Conservation module [New in 2.0]

Conservation module [New in 2.0]#

Evolutionary conservation analysis oftentimes uncovers the potential functional relevance of circRNAs by comparing their sequence and genomic position across different organisms. We developed the conservation module to enable users to perform circRNA conservation analysis in five widely studied animal model species: mouse, human, rat, pig, and dog. The framework of the conservation module was developed with the flexibility to incorporate more species in the analysis by simply adding the species to the input config file.

General usage#

A call to circtools conservation --help shows all available command line flags:

usage: circtools [-h] -d DCC_FILE -g GTF_FILE -f FASTA_FILE [-O {mm,rn,hs,ss,cl}]
                 [-TS TARGET_SPECIES] [-s SEQUENCE_FILE] [-o OUTPUT_DIR] [-T EXPERIMENT_TITLE]
                 [-t GLOBAL_TEMP_DIR] [-G GENE_LIST [GENE_LIST ...]]
                 [-GL GENE_LIST_FILE [GENE_LIST_FILE ...]]
                 [-i ID_LIST [ID_LIST ...]] [-hg19] [-mm10] [-pairwise_flag]

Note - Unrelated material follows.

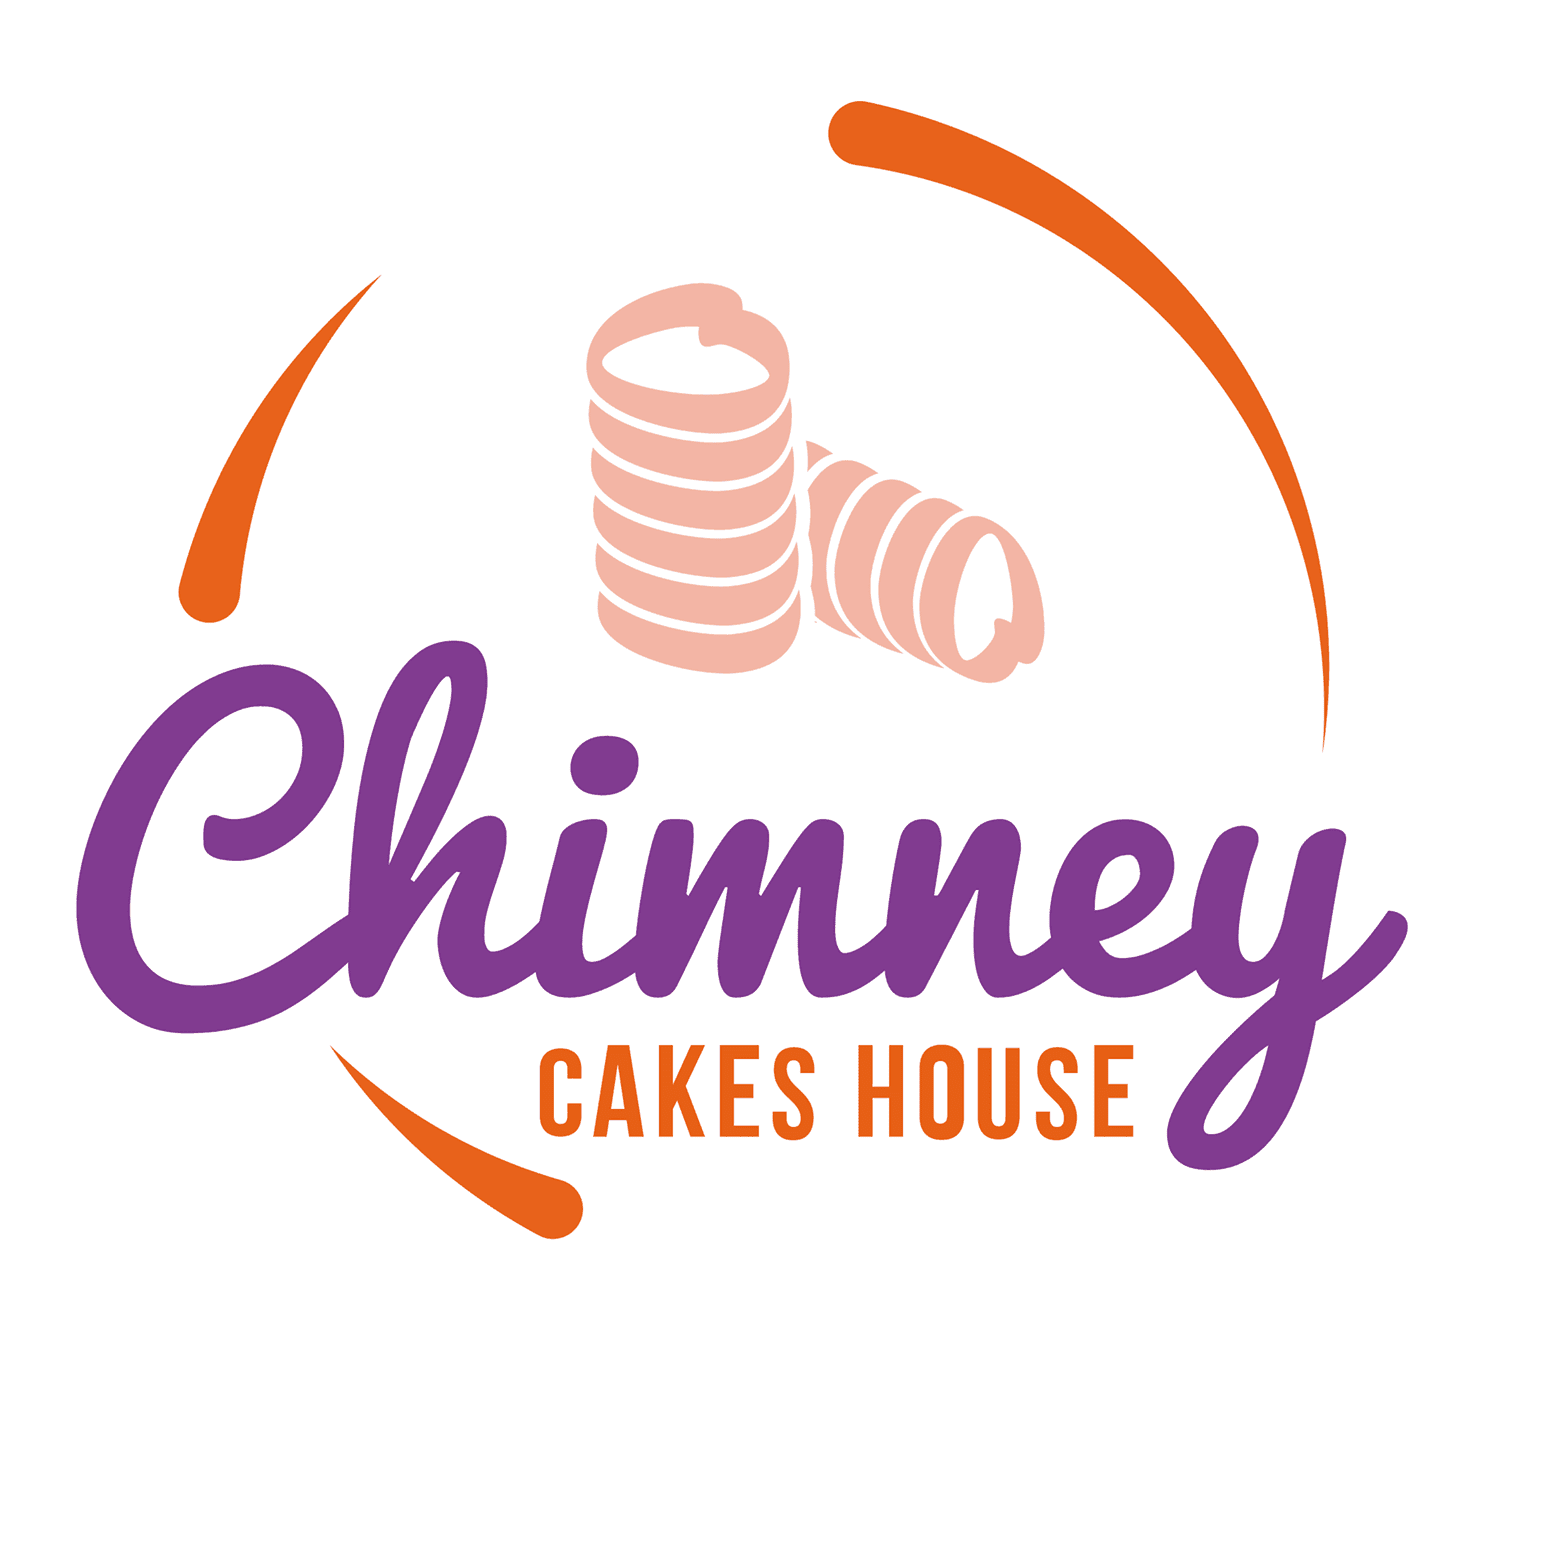 Chimney Cakes House

circular RNA conservation analysis

optional arguments:
  -h, --help            show this help message and exit

Input:
  -d DCC_FILE, --dcc-file DCC_FILE
                        CircCoordinates file from DCC / detect module
  -g GTF_FILE, --gtf-file GTF_FILE
                        GTF file of genome annotation e.g. ENSEMBL
  -f FASTA_FILE, --fasta FASTA_FILE
                        FASTA file with genome sequence (must match
                        annotation)
  -O {mm,rn,hs,ss,cl}, --organism {mm,rn,hs,ss,cl}
                        Organism of the study, mm =
                        Mus musculus, hs = Homo sapiens, rn = Rattus norvegicus,
                        ss = Sus scrofa, cl = Canis lupus familiaris
  -TS TARGET_SPECIES,       --target_species
                        List of target species IDs for which conservation score
                        needs to be calculated
  -s SEQUENCE_FILE, --sequence SEQUENCE_FILE
                        FASTA file containing the circRNA sequence (exons and
                        introns)

Output options:
  -o OUTPUT_DIR, --output OUTPUT_DIR
                        Output directory (must exist)
  -T EXPERIMENT_TITLE, --title EXPERIMENT_TITLE
                        Title of the experiment for HTML output and file name

Additional options:
  -t GLOBAL_TEMP_DIR, --temp GLOBAL_TEMP_DIR
                        Temporary directory (must exist)
  -G GENE_LIST [GENE_LIST ...], --genes GENE_LIST [GENE_LIST ...]
                        Space-separated list of host gene names. Primers for
                        CircRNAs of those genes will be designed.E.g. -G
                        "CAMSAP1" "RYR2"
  -i ID_LIST [ID_LIST ...], --id-list ID_LIST [ID_LIST ...]
                        Space-separated list of circRNA IDs. E.g. -i
                        "CAMSAP1_9_135850137_135850461_-"
                        "CAMSAP1_9_135881633_135883078_-"
  -hg19, --hg19
                        Are given circular co-ordinates for human from hg19 assembly?
                        If the flag is on, these will be converted into hg38.
  -mm10, --mm10
                        Are given circular co-ordinates for mouse from mm10 assembly?
                        If the flag is on, these will be converted into mm39.
  -pairwise_flag, --pairwise_flag
                        Should pairwise alignments be performed as well?
                        Additional barplot will be plotted in this case.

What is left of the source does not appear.